$27 Million: SEC Lawsuit Goes After Billionaire Philanthropist and Crypto Investors
Dr. Phillip Frost, an 81-year-old billionaire who made his fortune in the pharmaceutical industry, has been accused by the US Securities and Exchange Commission (SEC) of manipulating the prices of penny stocks. The SEC has also sued Frost and his partners John O’Rourke and Barry Honig, who are both well-known cryptocurrency investors.
As Bloomberg noted on Friday, the three began their misleading “tactics” by publishing promotional articles on Seeking Alpha. In these articles, Honig and O’Rourke claimed their crypto-related projects were backed by substantial investments from Frost.
In the lawsuit, the SEC describes their allegedly deceptive promotional strategy as follows: “Honig … directed O’Rourke to write a promotional article, which O’Rourke published under the pseudonym ‘Wall Street Advisors’ on Seeking Alpha. [O’Rourke] also knowingly and falsely claimed ‘not receiving compensation'” to write the article.
The three investors and seven others suspected of being involved in their questionable crypto investment business have now been accused of orchestrating pump-and-dump schemes. The SEC has alleged they’ve generated $27 million through the unlawful sale of stocks by using “long-running” market manipulation tactics.

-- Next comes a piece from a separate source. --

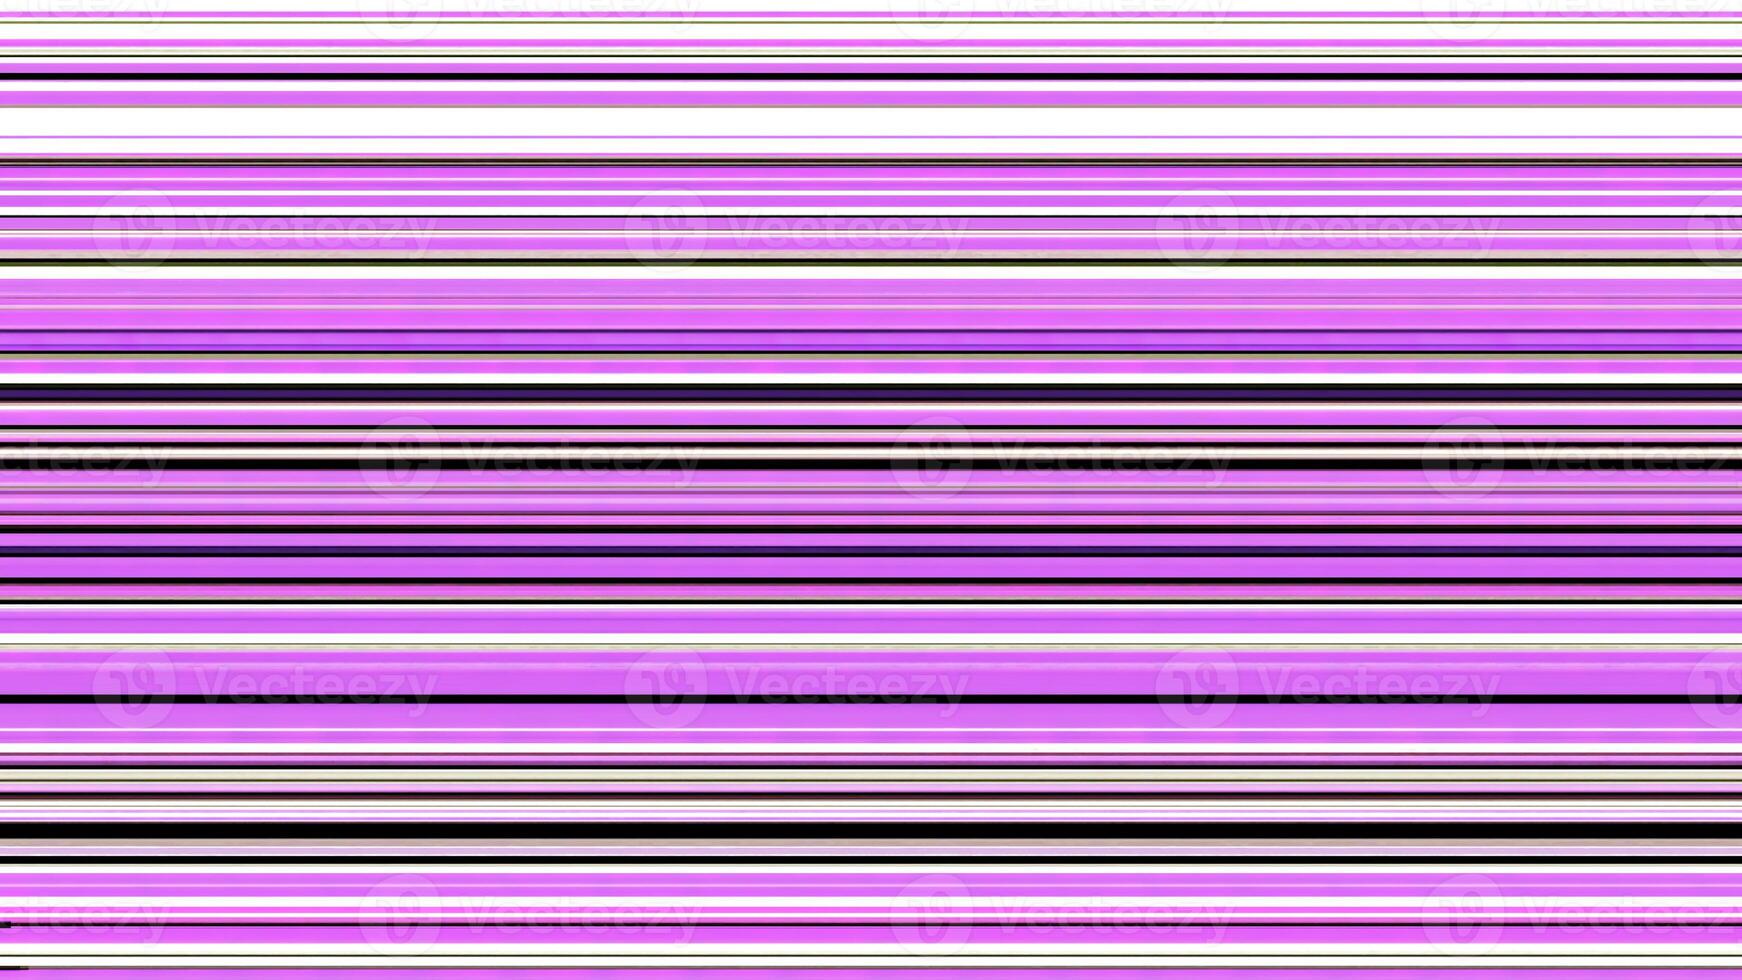 Colored stripes are connected in middle. Animation. Background of bright colored lines moving on top of each other and merging horizontally. Colored lines move up and down merging into each other in photo

Because of these exploitative activities, unsuspecting investors have reportedly suffered serious losses on their stock investments. A lawsuit filed by the SEC on September 7 in the Manhattan federal court claims that Honig began purchasing large amounts of penny stocks at huge discounts between 2013 and 2018.
After buying large quantities of these stocks at very low prices, the lawsuit has alleged that Honig and the others in the group, who’ve been called “microcap fraudsters”, began to aggressively promote their companies in an attempt to drive stock prices higher. As their prices surged, the accused “secretly” sold them at artificially inflated values, the SEC’s lawsuit claims.
The SEC’s complaint reads as follows:
“Honig was the primary strategist, calling upon other Defendants to buy or sell stock, arrange for the issuance of shares, negotiate transactions, or engage in promotional activity.”
“In each scheme, Honig orchestrated his and his associates’ acquisition of a large quantity of the issuer’s stock at steep discounts, either by acquiring a shell and executing a reverse merger or by participating in financings on terms highly unfavorable to the company”, according the extensive 52-page lawsuit filed by the securities regulator.
According to the federal regulator’s investigation, the group unlawfully manipulated the stock prices of Frost’s Opko Health, Inc., a medical test and medication company. Notably, Opko’s share prices dropped by 28% on Friday before its trading was suspended.
“Serious Factual Inaccuracies”
Following the sharp decline in the healthcare firm’s stock prices, its representatives have claimed that the SEC’s lawsuit not only contains “serious factual inaccuracies” but was also filed without informing the company in advance.
A statement issued by Opko Health noted:
“Opko and Dr. Frost would gladly have provided information that would have answered a number of the SEC’s apparent questions. [We] are confident that once a proper investigation is completed and the facts of the case have been fully disclosed, the matter will be resolved favorably for them.”
Honig’s lawyer has not yet responded to questions regarding the accusations or the lawsuit and has not issued any official statements. O’Rourke, who is now well-known for changing the name and business model of the medical company Bioptix Inc. to Riot blockchain, has also not replied to queries from media.
Notably, Honig has a 10% ownership stake in Riot blockchain, a company that now invests in various digital currencies. Soon after the SEC’s lawsuit was announced, Riot’s share prices dropped by 24%.
While its not yet clear exactly how the SEC’s investigation was conducted, the serious nature of the charges levelled by the regulator don’t seem to fit with Frost’s profile. The American entrepreneur has a massive fortune of nearly $5 billion from strategic investments in the pharmaceutical industry and has also earned his M.D. degree from the Albert Einstein College of Medicine in 1961.
Moreover, Frost and his wife Patricia, an elementary school principal, are well-known for their philanthropic work and generous donations in South Florida. In January of 2017, the launch of various large STEM institutes was announced by the University of Miami after reportedly receiving $100 million as a gift from Frost.